# Preparing data for training

## Peprocessing functions

The loading function is dataset dependant, and is `lidar_hd_pre_transform` by default. The function takes points loaded from a LAS file via pdal as input, and returns a `pytorch_geometric.Data` object following the standard naming convention of `pytorch_geometric`, plus a list of features names for later use in transforms. In the loading function, the return number and color information (RGBI) are scaled to 0-1 interval, a NDVI and an average color ((R+G+B)/3) dimension are created, and points that may be occluded (as indicated by higher return number) have their color set to 0.

Customization: You may want to implement your own logic (e.g. with custom, additional features) in directory `points_pre_transform`. It then needs to be referenced similarly to `lidar_hd_pre_transform`. 
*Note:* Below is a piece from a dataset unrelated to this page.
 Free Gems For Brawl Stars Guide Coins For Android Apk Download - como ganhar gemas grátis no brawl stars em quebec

The loading function is designed for the French Lidar HD data provided by IGN (see [the official page](https://geoservices.ign.fr/lidarhd) - link in French). Note that the clouds are shared without color information, and should be colorized (RGB+Infrared) to use myria3d. The [open-source ign-pdal-tools library](https://pypi.org/project/ign-pdal-tools/) is a convenient toolkit that can be used to colorize the raw clouds with IGN aerial imagery (see function 'pdaltools.color.color(...)').

Customization: If you use a different classification (e.g. additional classes), you will need to create a `dataset_description` configuration (similar to `configs/dataset_description/20220607_151_dalles_proto.yaml`).
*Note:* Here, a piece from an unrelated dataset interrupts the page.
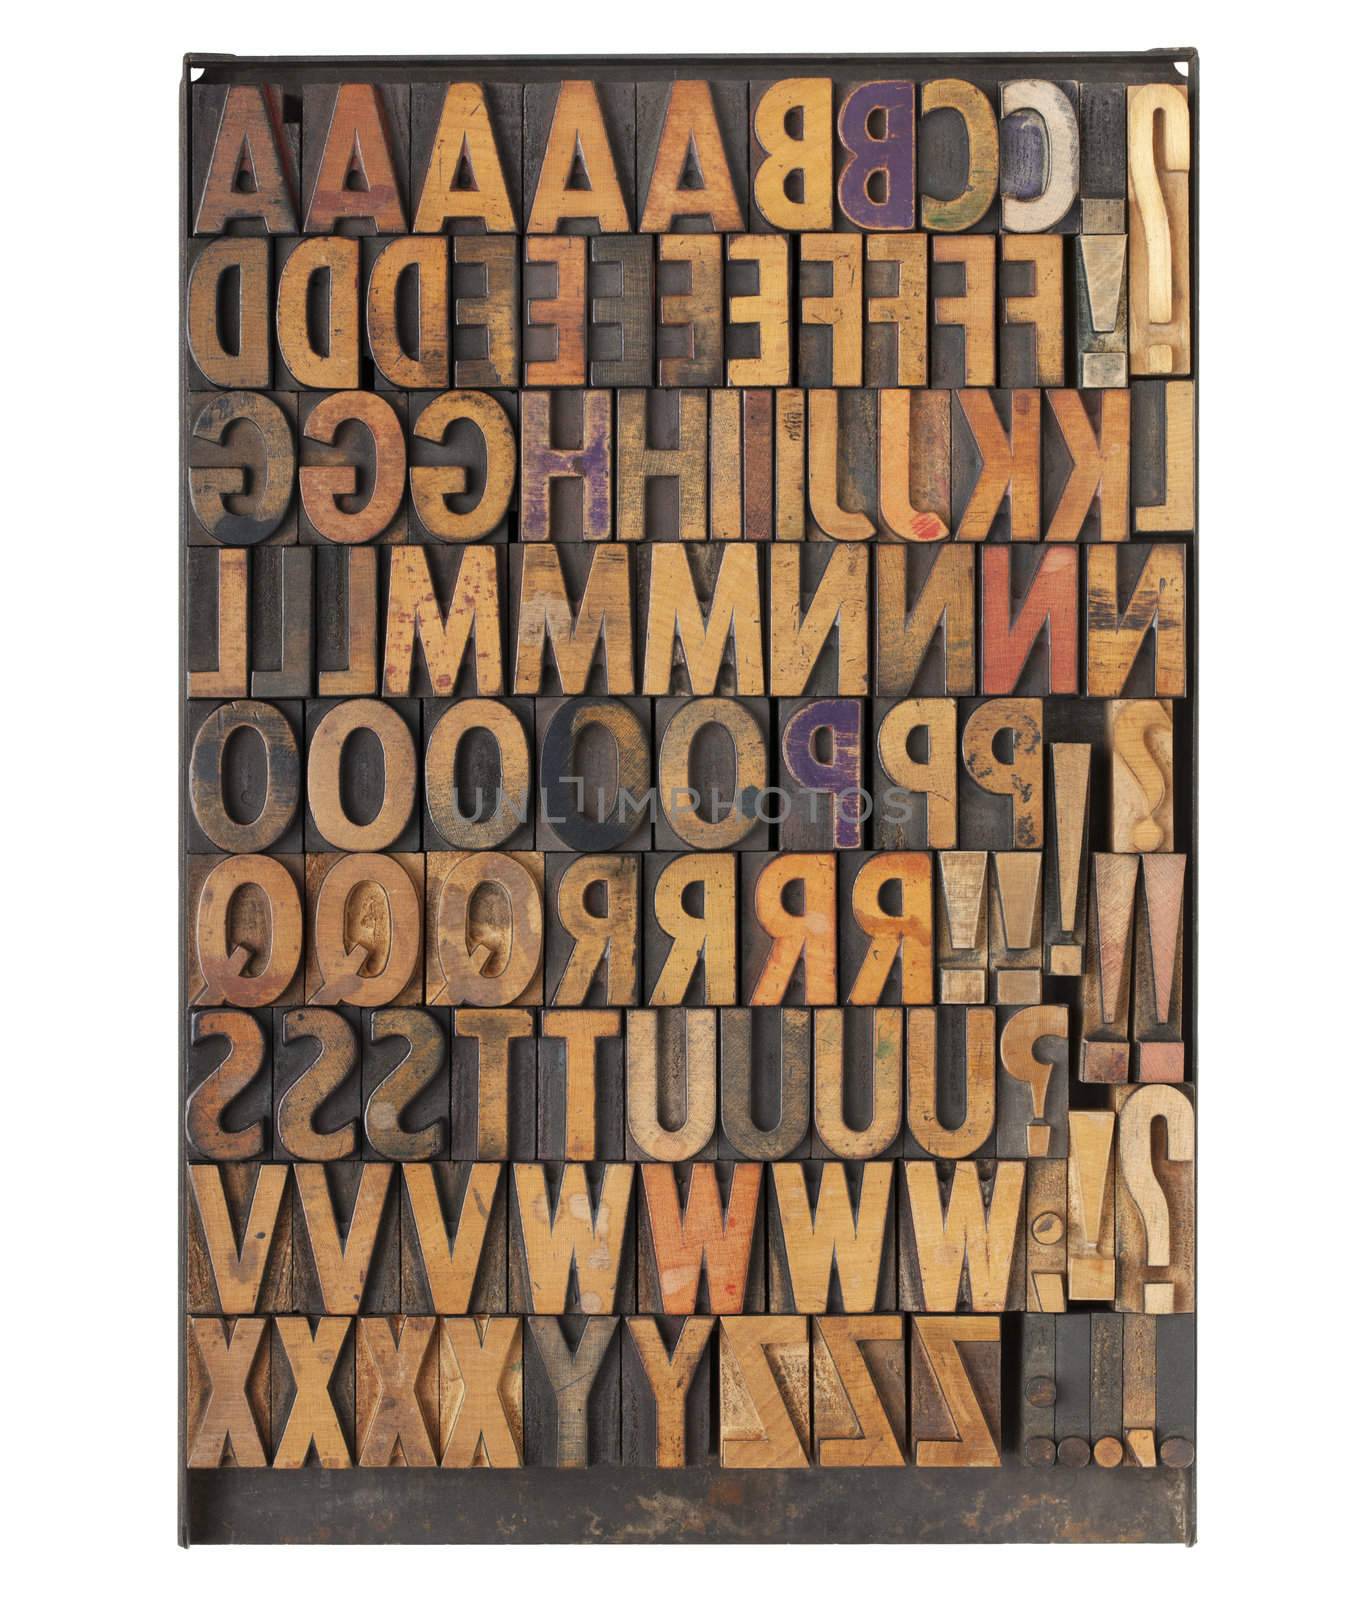 vintage letterpress printing blocks by PixelsAway

Additionnaly, you can control cloud sampling parameters via two configurations:
- `configs/datamodule/transforms/preparations/points_budget.yaml`: (defaut) allows variable cloud size within lower and higher boundaries. 
- `configs/datamodule/transforms/preparations/fixed_num_points.yaml`: (alternative) samples all clouds to a fixed size, allowing for duplicated points.


## Preparing the dataset

To perform a training, you will need to specify these parameters in the datamodule config group:
- `data_dir`: path to a directory in which a set of LAS files are stored. Clouds must be nested in subdirectories named according to their spli: train, val, or test.
- `split_csv_path`: path to a CSV file with schema `basename,split`, specifying a train/val/test spit for your data.

Under the hood, the path of each LAS file will be reconstructed like this: '{data_dir}/{split}/{basename}'.

Large input point clouds need to be divided in smaller clouds that can be digested by segmentation models. We found that a receptive field of 50m x 50m was a good balance between context and memory intensity. The division is performed once, to avoid loading large file in memory multiple times during training.

To be able to read the lidar files, an EPSG is needed. If the files don't all specify an EPSG in their metadata, it should be given as a parameter with `datamodule.epsg=...` 

After division, the smaller clouds are preprocessed (i.e. selection of specific LAS dimensions, on-the-fly creation of dimensions) and regrouped into a single HDF5 file whose path is specified via the `datamodule.hdf5_file_path` parameter. 

The HDF5 dataset is created at training time. It should only happens once. Once this is done, you do not need sources anymore, and simply specifying the path to the HDF5 dataset is enough (there is no need for data_dir or split_csv_path parameters anymore).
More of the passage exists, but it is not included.